Tried different finger placements and chord still doesn't sound right.

D D#dim C#7 F#m D

Ev'ry time I tried to tell you the words just came out wrong

D A E7 D A 

So I'll have to say I love you in a song.


----------



## Guest (Jul 30, 2016)




----------



## fredyfreeloader (Dec 11, 2010)

laristotle said:


>


I'll ask a dumb question, have you tried the other inversions of that formation at the 4th., 7th., and 10th. frets. I think you might find one that works.


----------



## Bastille day (Mar 2, 2014)

No, but I will try more options.

I don't have speakers or I would try to find an old video recording of the man himself.


----------



## Robert1950 (Jan 21, 2006)

From my handy dandy chord book - Eb dim (D# dim)


----------



## bw66 (Dec 17, 2009)

It's been years since I played that tune, but my instinct is to play an Ebm7: X6867X


----------



## Bastille day (Mar 2, 2014)

bw66 said:


> It's been years since I played that tune, but my instinct is to play an Ebm7: X6867X


Thanks for posting that Robert, I also tried bw66,s Ebm7: x6867x and it was the sound I was looking for.

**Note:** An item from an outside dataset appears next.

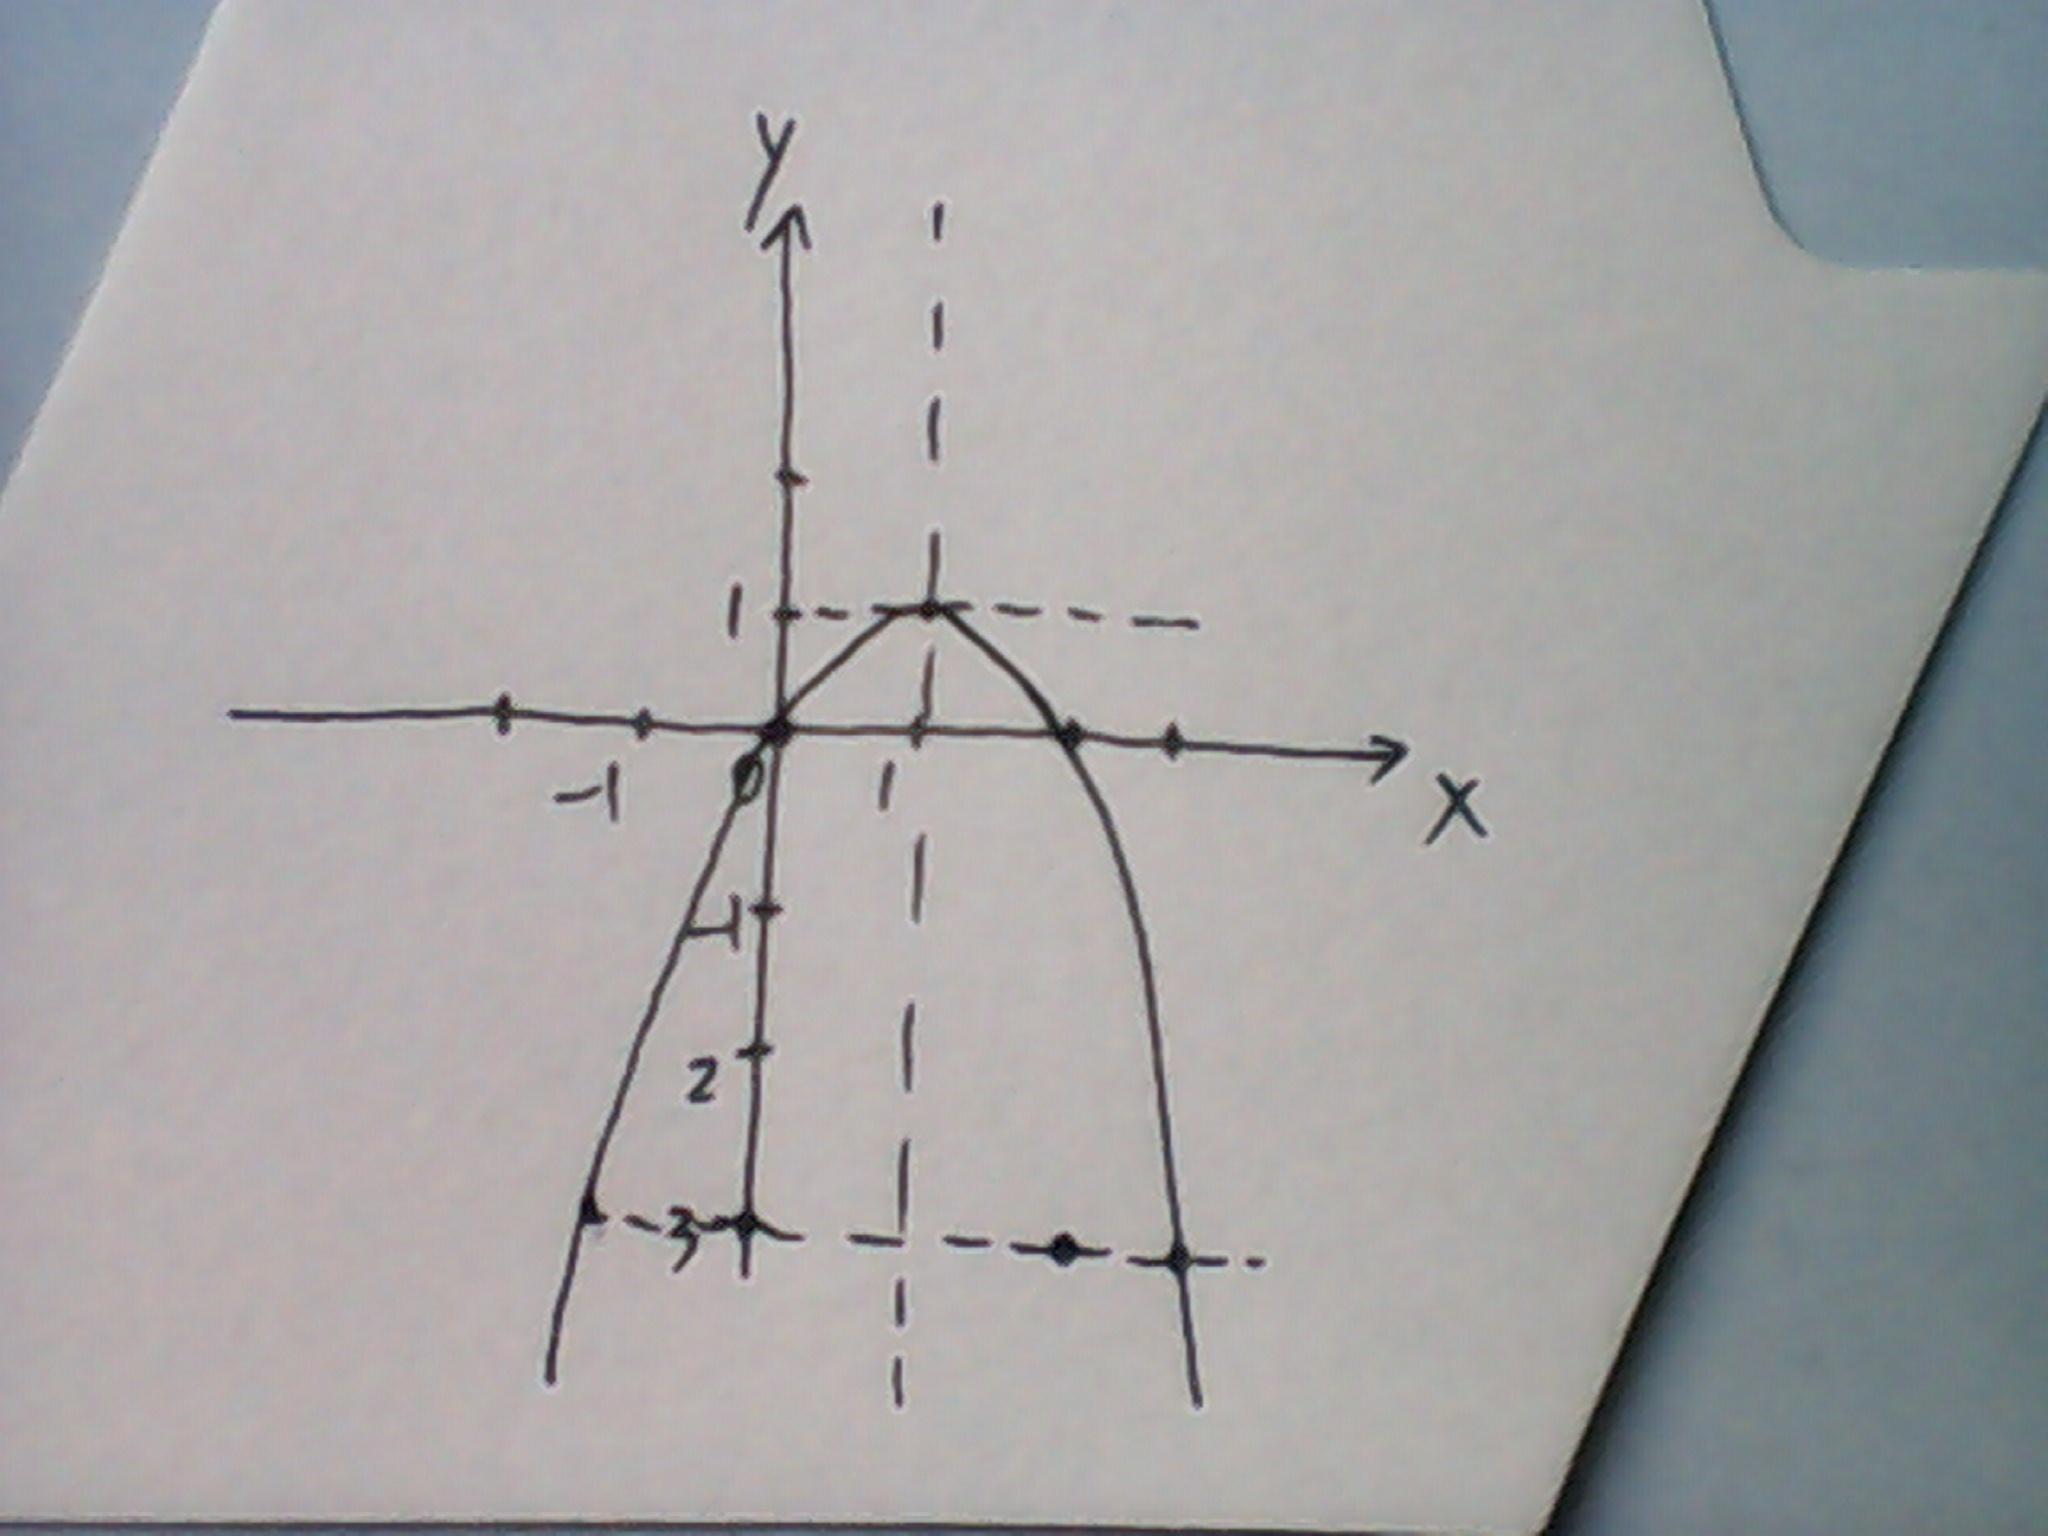 �yf�LL�zx�Z�_f(x)=(x05-1)^n f^(n 1)(-1)=? 当x=-1时 f(x)的n 1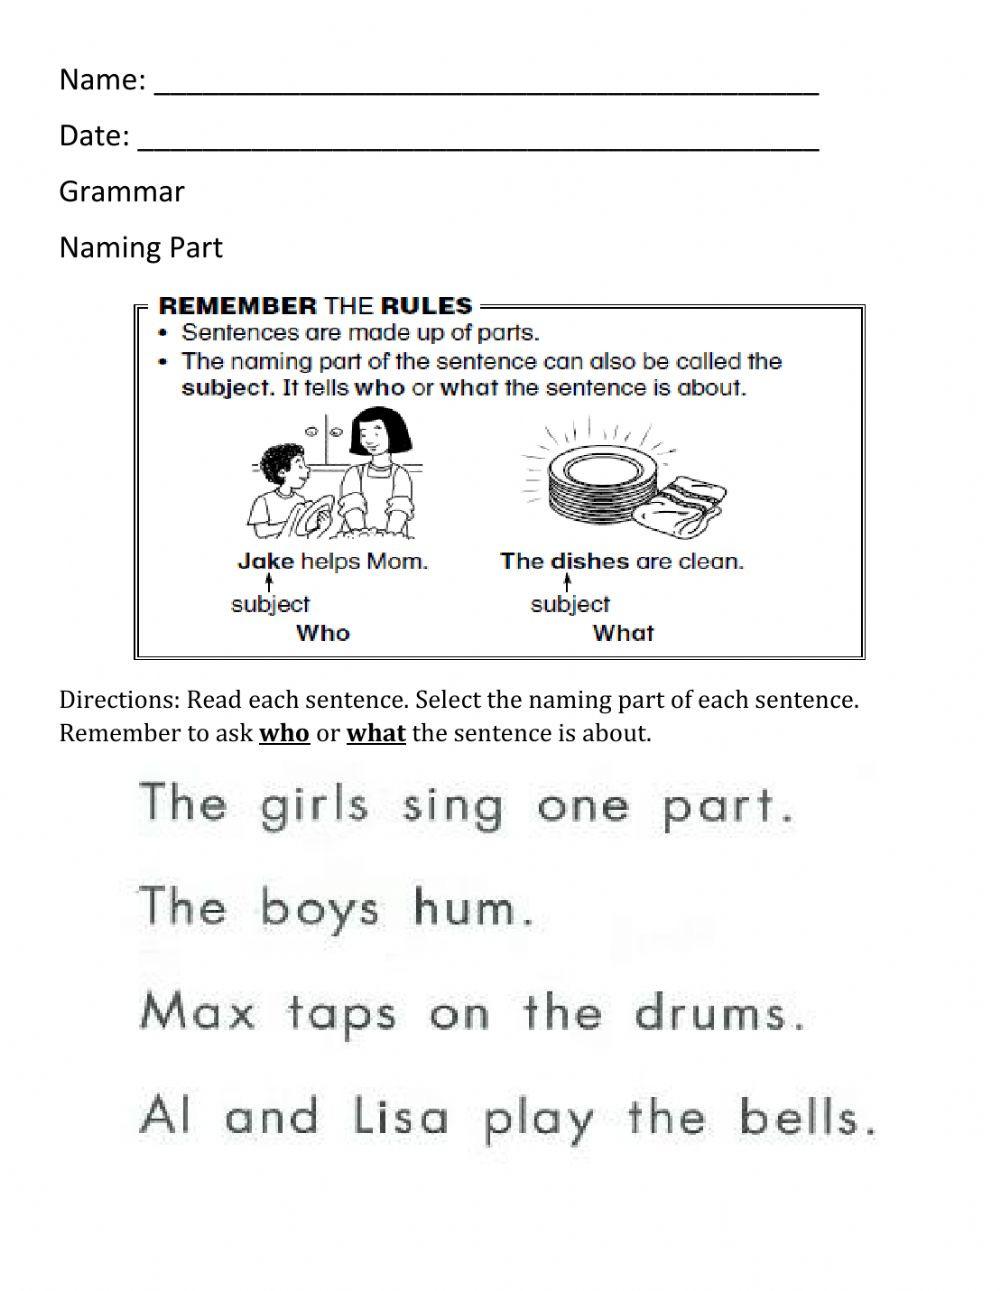 Parts Of A Sentence Worksheet Naming Part Worksheet 1 Interactive Worksheet

Fort what it's worth, that E7 in the last line of the chorus sounds better as an E.

First part:

Amaj7 A6 C#m7 Bm7 E7 
Well, I know it's kind of late I hope i didn't wake you,

Amaj7 A6 C#m7 Bm7 E7
But what I got to say can't wait I know you'd understand


----------



## bw66 (Dec 17, 2009)

Try this voicing for the E7: 022130 

(Assuming you haven't already.)


----------



## Bastille day (Mar 2, 2014)

bw66 said:


> Try this voicing for the E7: 022130
> 
> (Assuming you haven't already.)


That x6867x works best for me as I can transition to the Cm#7 by simply sliding down 2 frets keeping the same formation and going to it from a bar fifth fret D chord is one fret up.


----------



## bw66 (Dec 17, 2009)

I meant for the E7 in the last line of the chorus.


----------



## Bastille day (Mar 2, 2014)

bw66 said:


> I meant for the E7 in the last line of the chorus.


Sorry I misunderstood you, I been using a plain E chord for that E7 despite what the tab had written.


----------